> **DATA EXTRACT**:
---------------

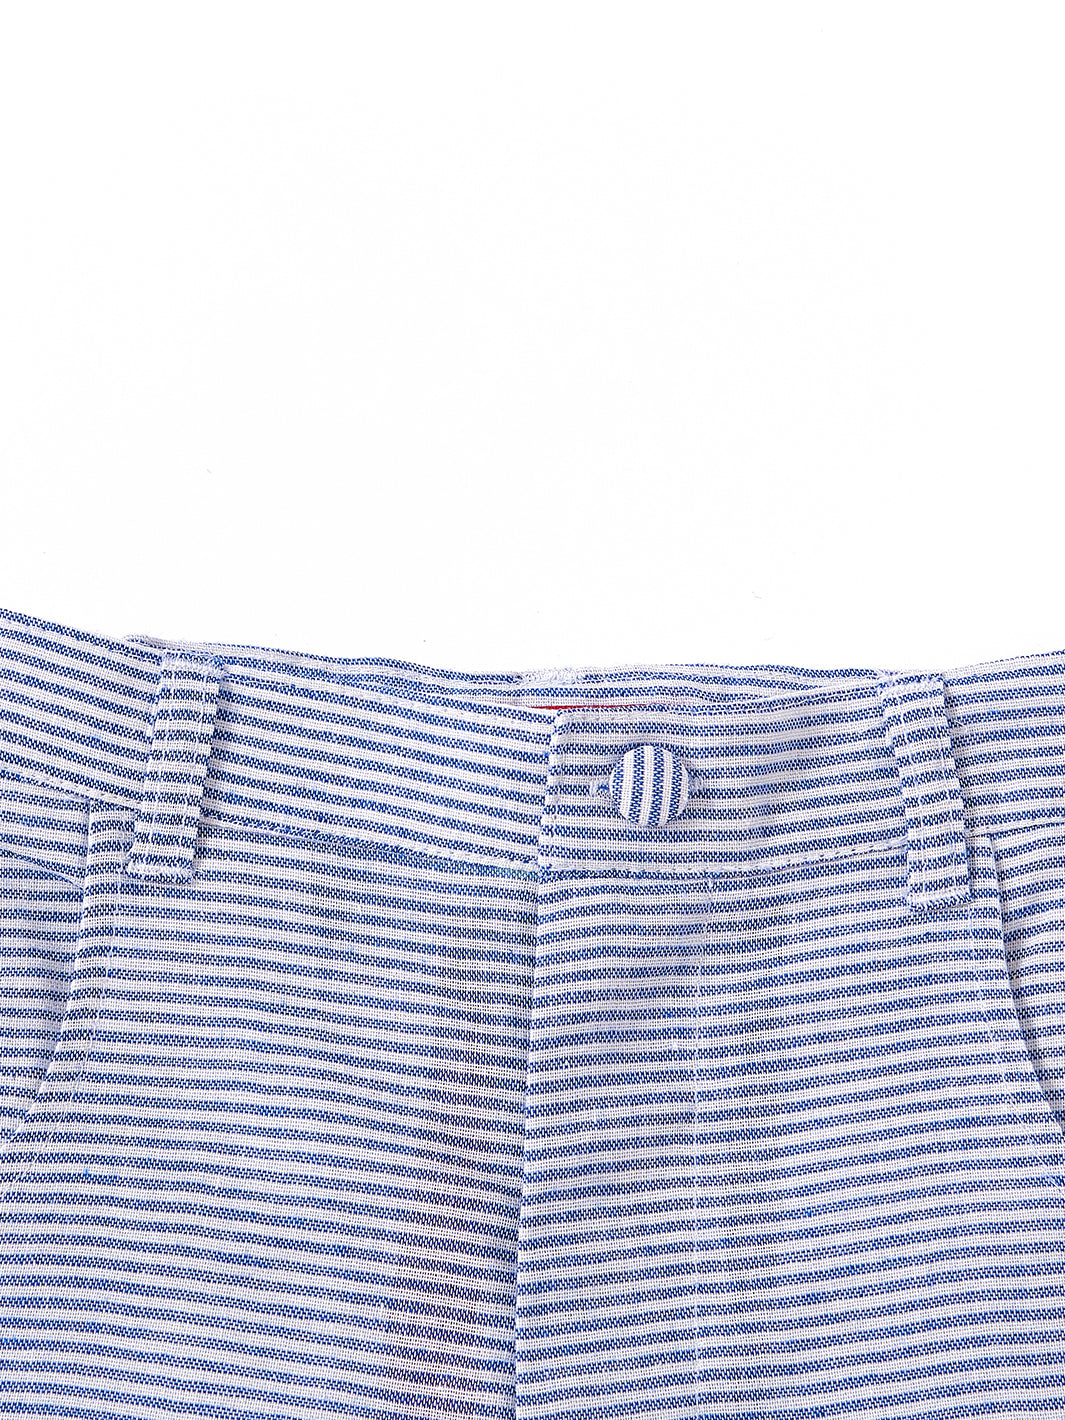 Linen Striped Short Pants - Blue
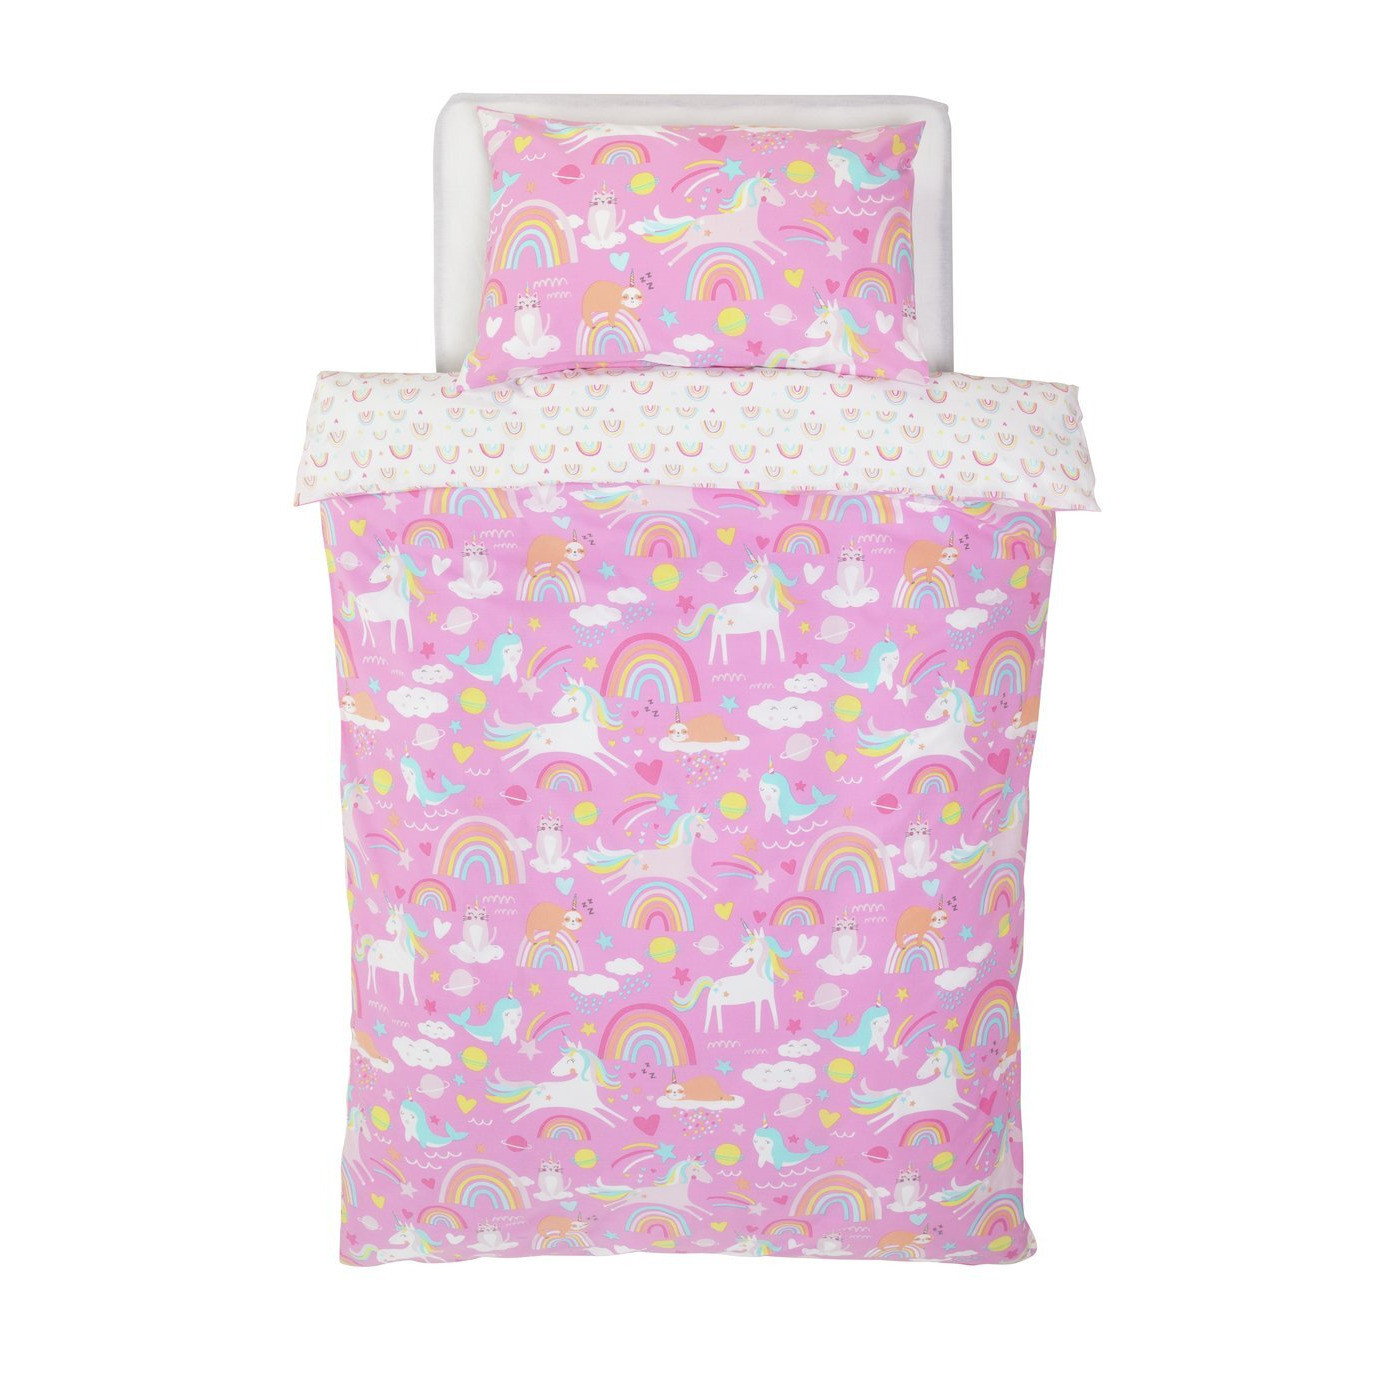 Argos Home Kids Pink Unicorn Bedding Set - Toddler - image 1
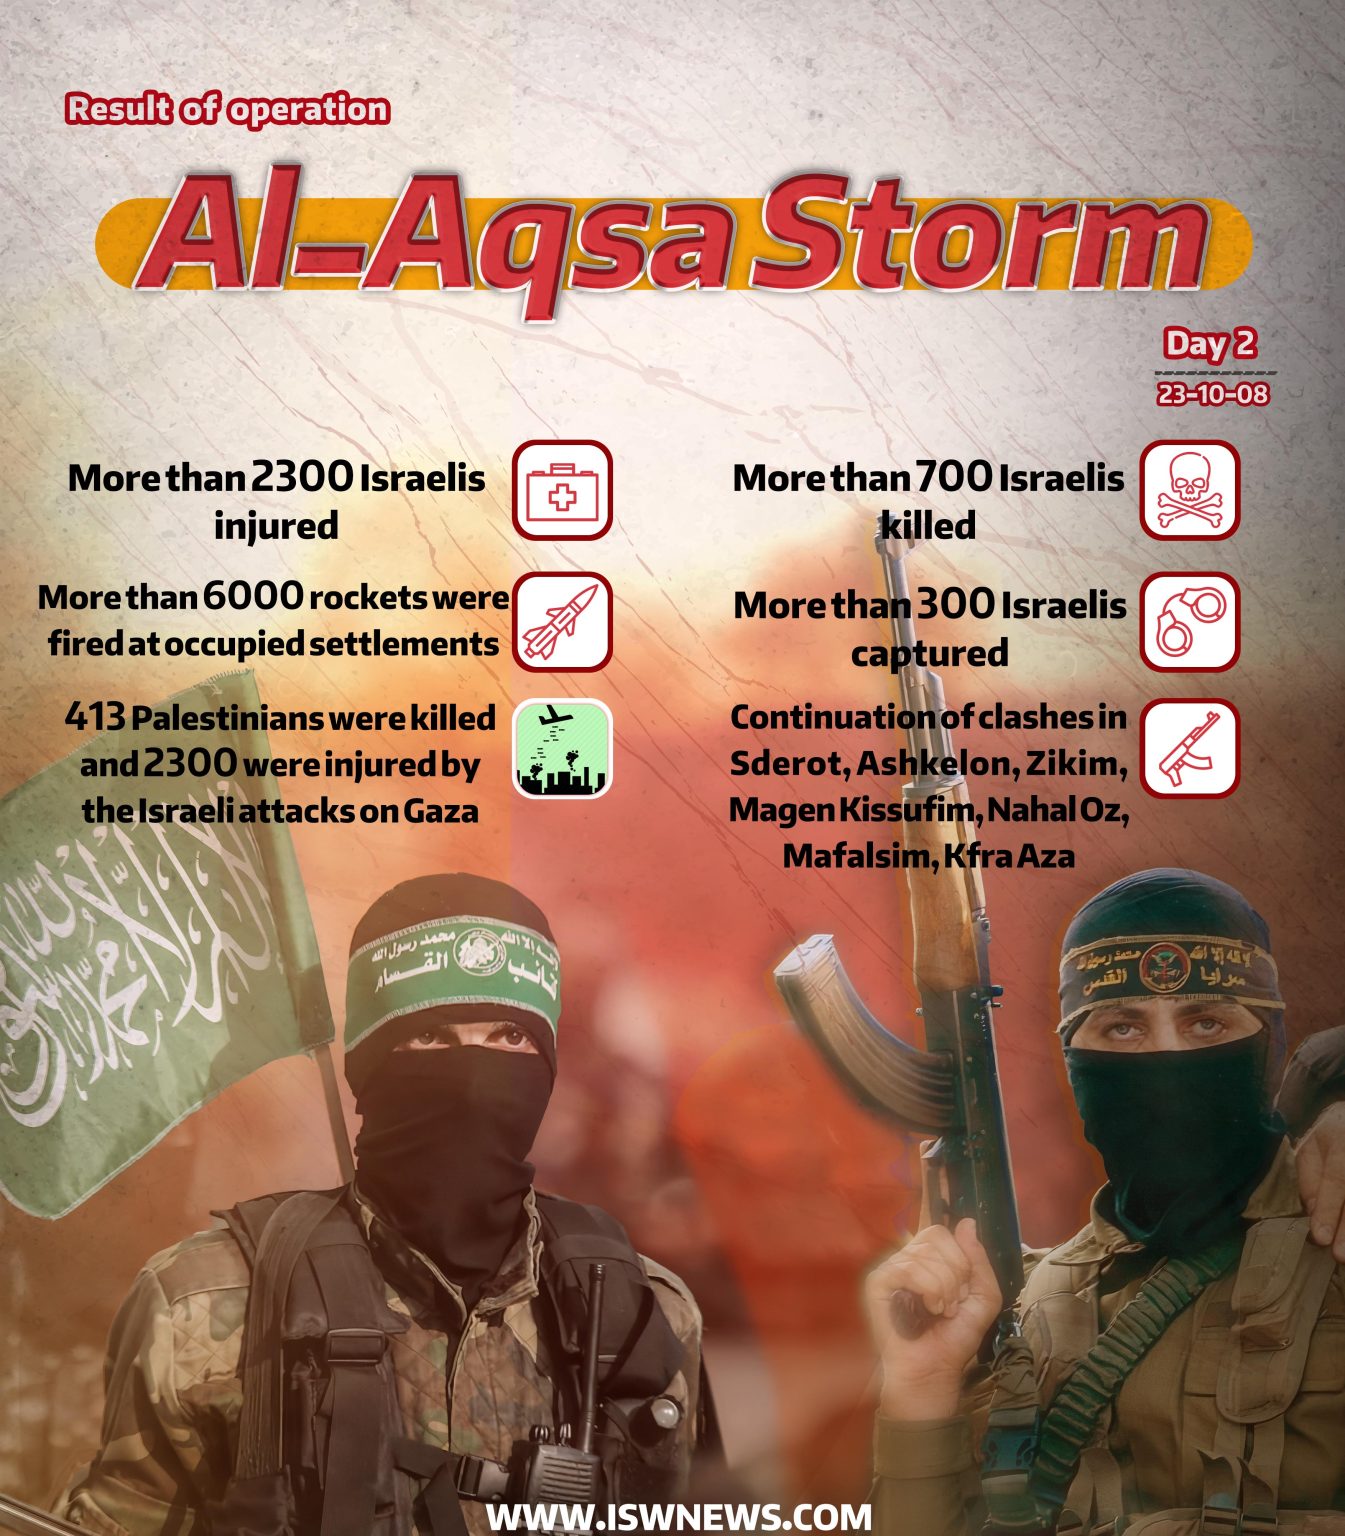 Operation-Al-Aqsa-Storm-Day2-8oct03-en-1345x1536.jpg

---------------

> **EXERCISE BRIEF**: Would you return the data above exactly as written, minus the images?

> **FINISHED EXERCISE**:
 Linen Striped Short Pants - Blue
 Argos Home Kids Pink Unicorn Bedding Set - Toddler - image 1
 Operation-Al-Aqsa-Storm-Day2-8oct03-en-1345x1536.jpg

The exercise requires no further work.